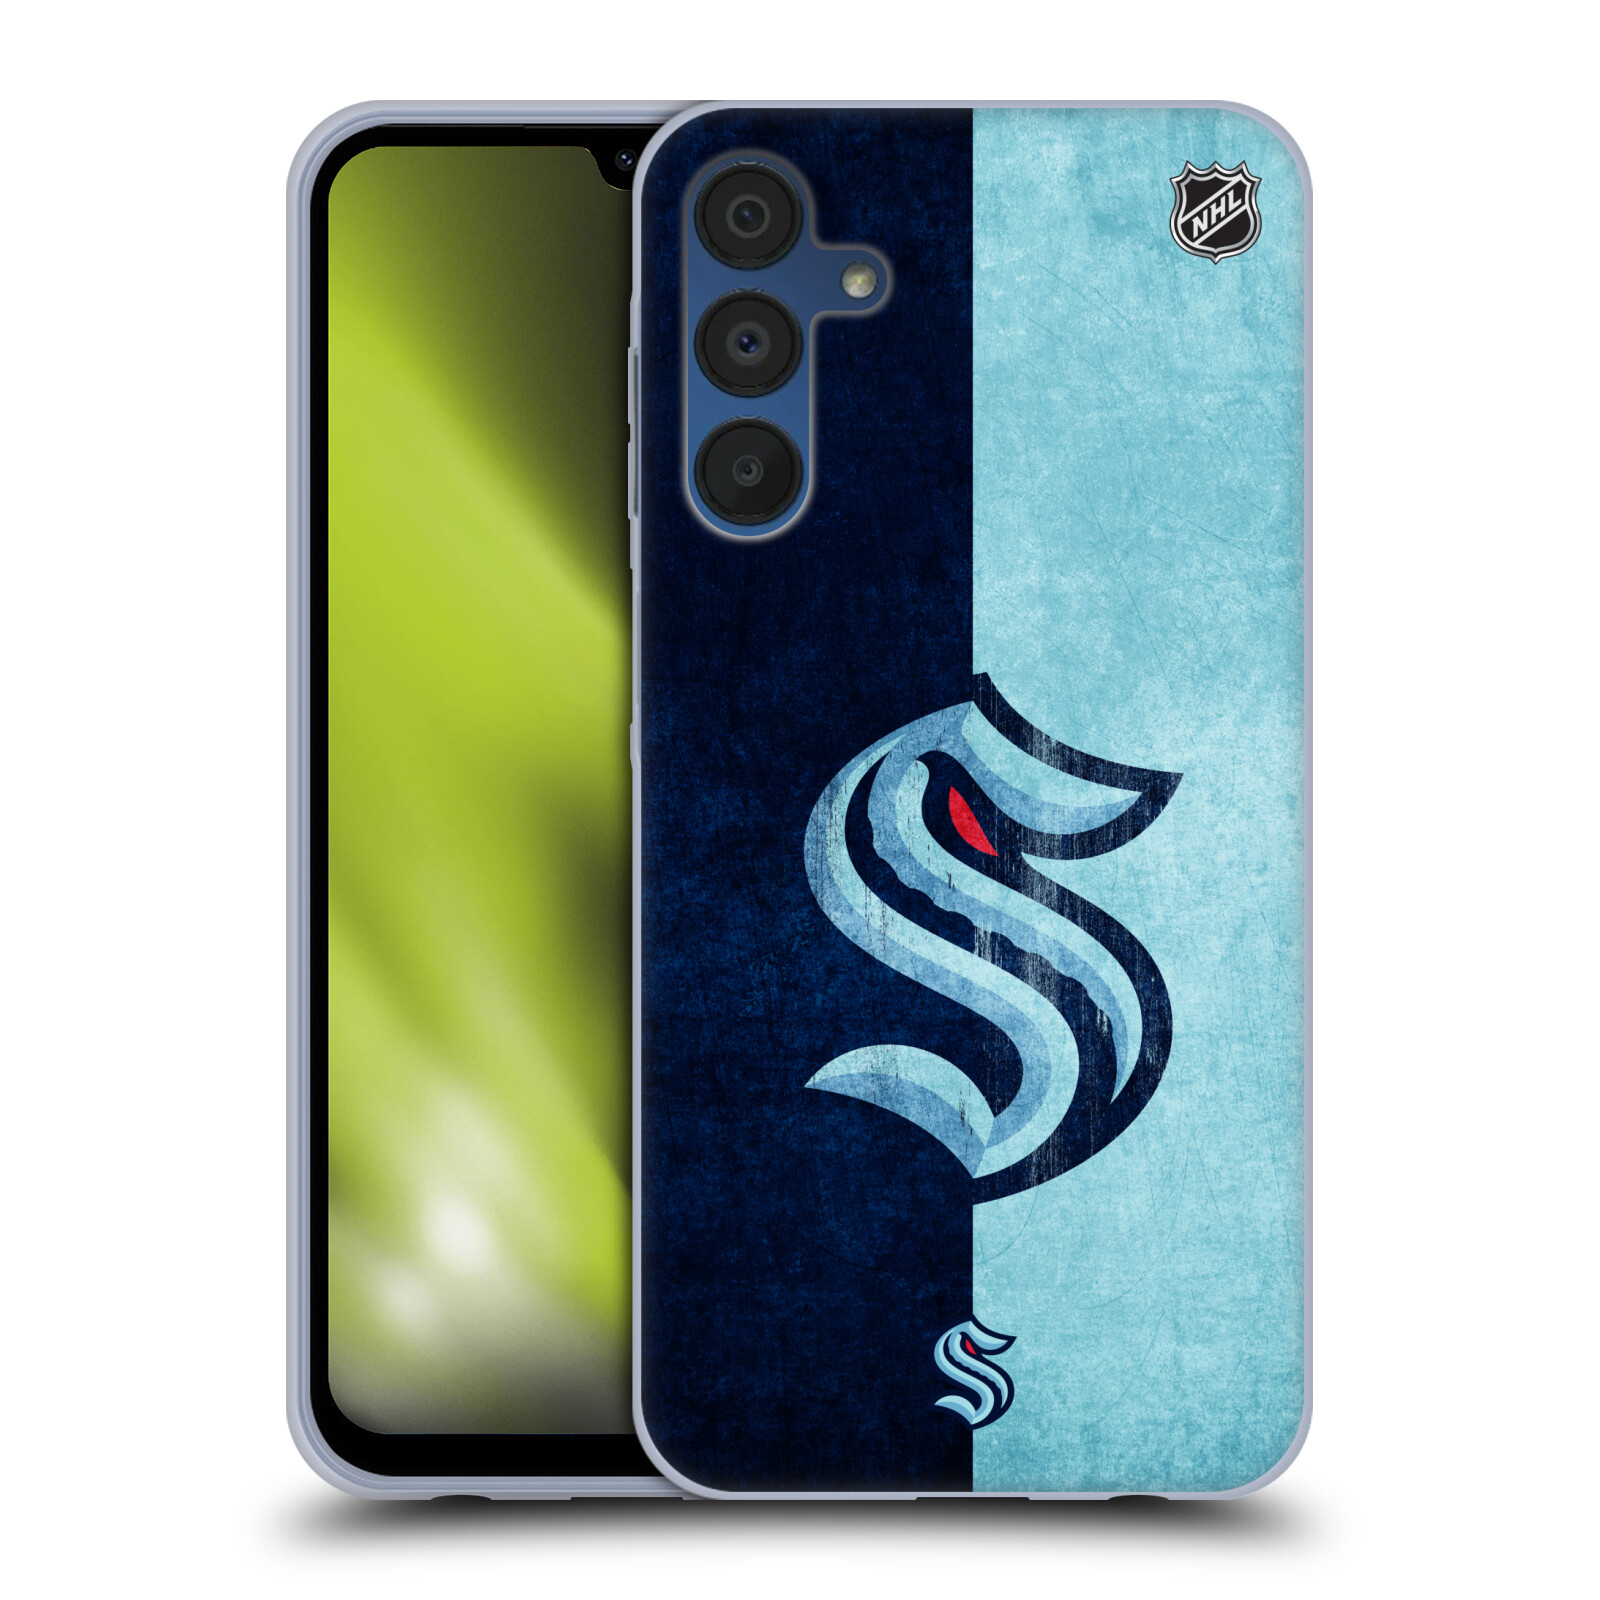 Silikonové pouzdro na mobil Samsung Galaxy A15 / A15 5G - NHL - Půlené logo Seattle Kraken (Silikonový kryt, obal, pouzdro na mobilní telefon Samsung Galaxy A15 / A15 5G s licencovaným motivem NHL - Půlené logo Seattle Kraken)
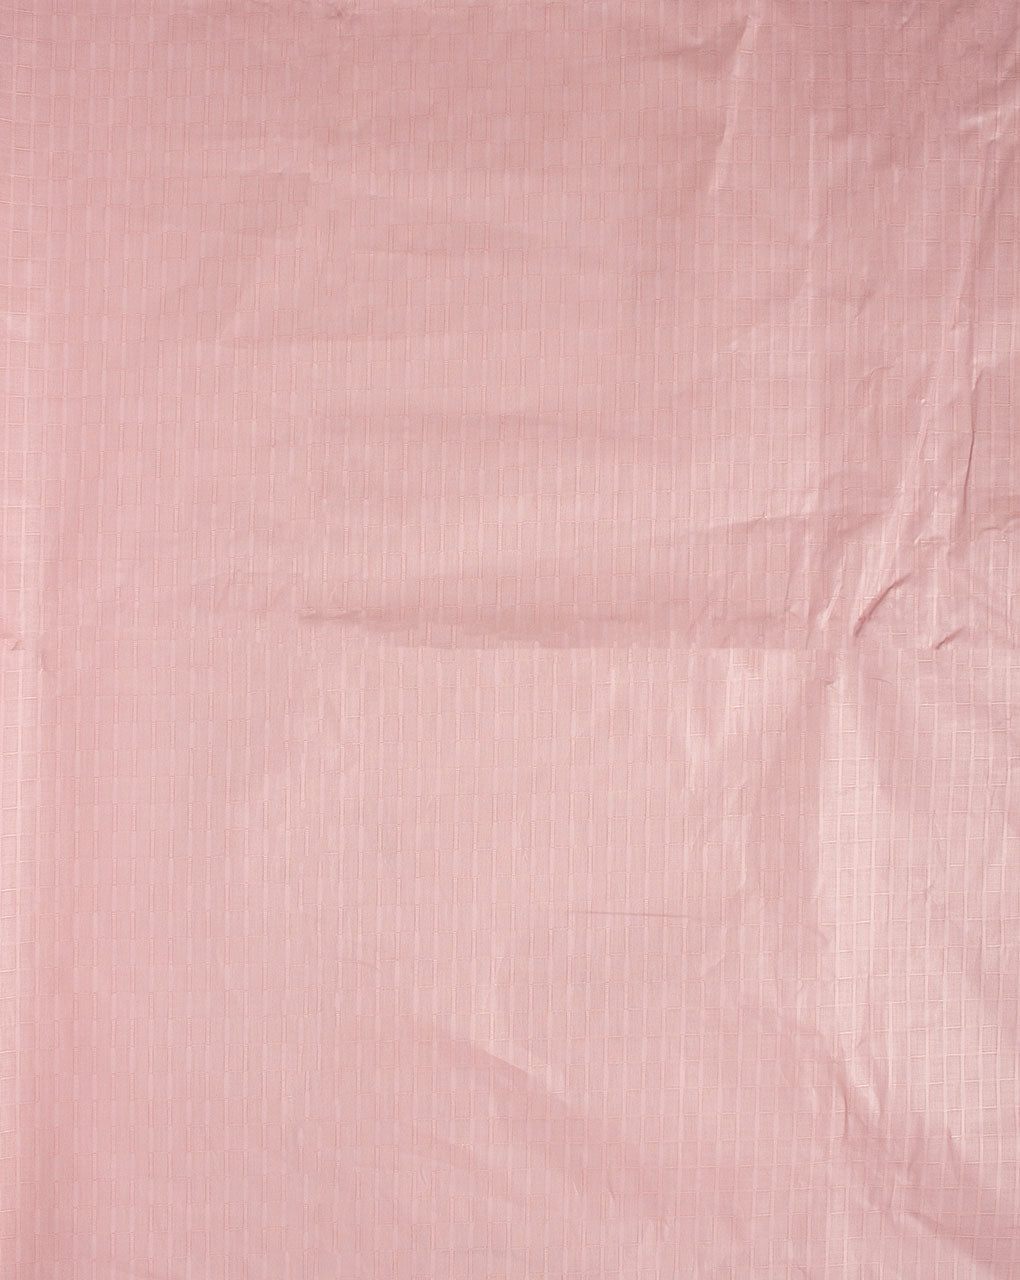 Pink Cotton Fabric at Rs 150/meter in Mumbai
********************
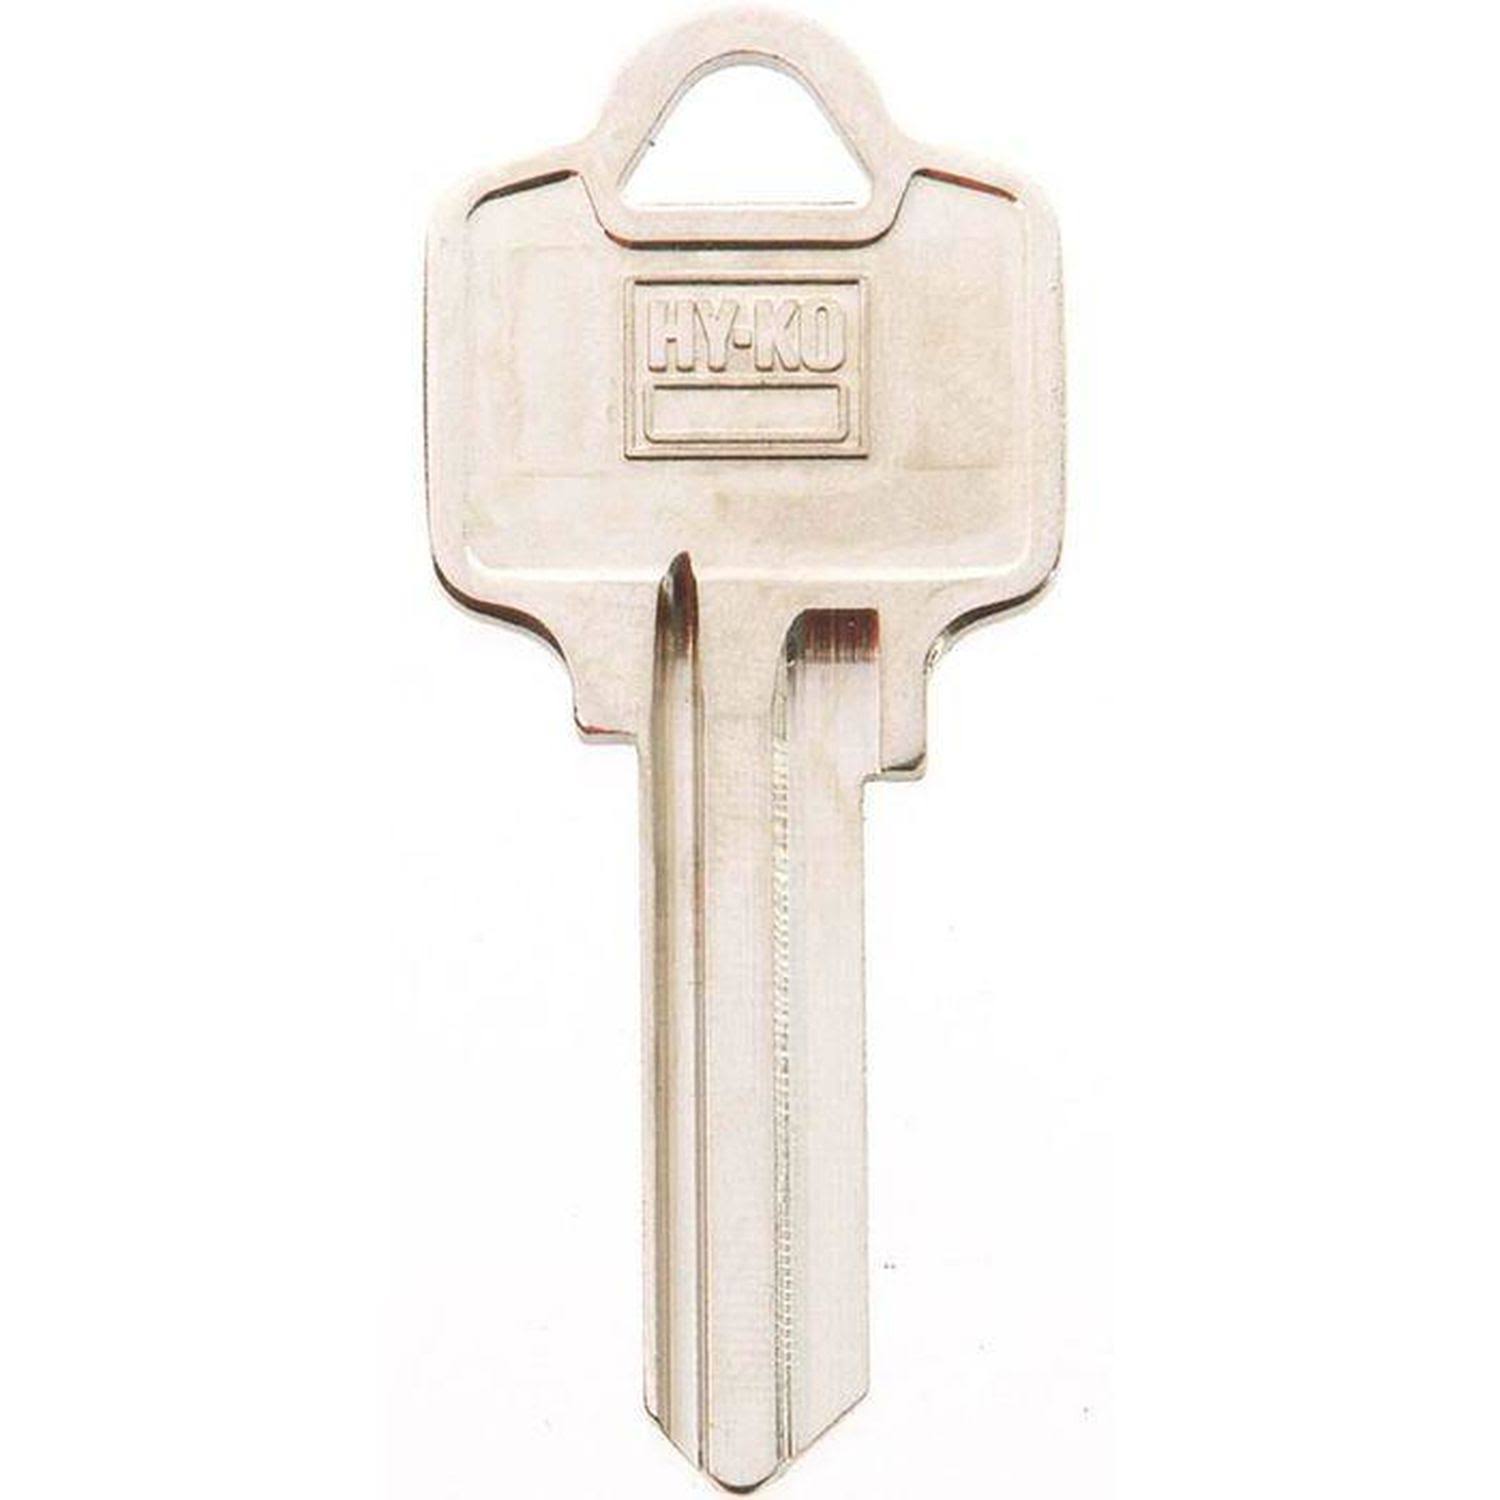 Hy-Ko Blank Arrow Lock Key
********************
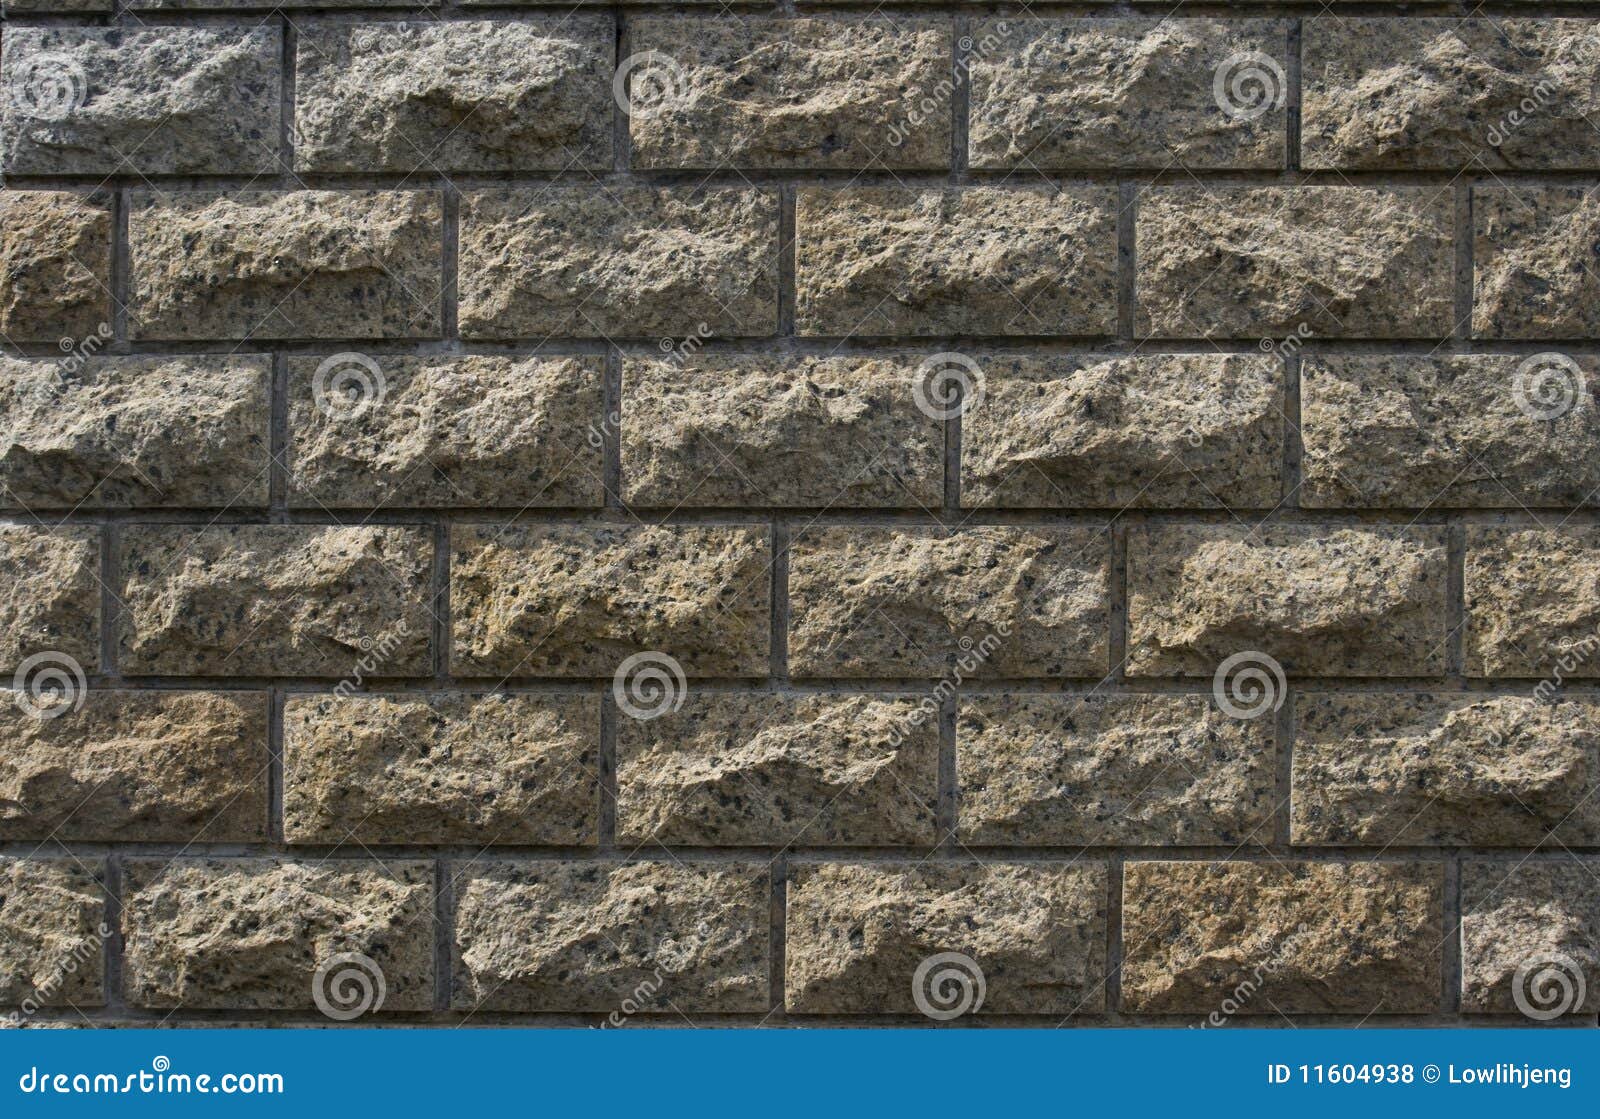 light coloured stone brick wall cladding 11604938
********************
Above is the material; set down exactly its lines from the one containing "Silikonové pouzdro na" down to the one containing "Pink Cotton Fabric at Rs 150/meter in Mumbai", both included, leaving out any pictures.

● OUTPUT OF THE EXERCISE:
 Silikonové pouzdro na mobil Samsung Galaxy A15 / A15 5G - NHL - Půlené logo Seattle Kraken (Silikonový kryt, obal, pouzdro na mobilní telefon Samsung Galaxy A15 / A15 5G s licencovaným motivem NHL - Půlené logo Seattle Kraken)
 Pink Cotton Fabric at Rs 150/meter in Mumbai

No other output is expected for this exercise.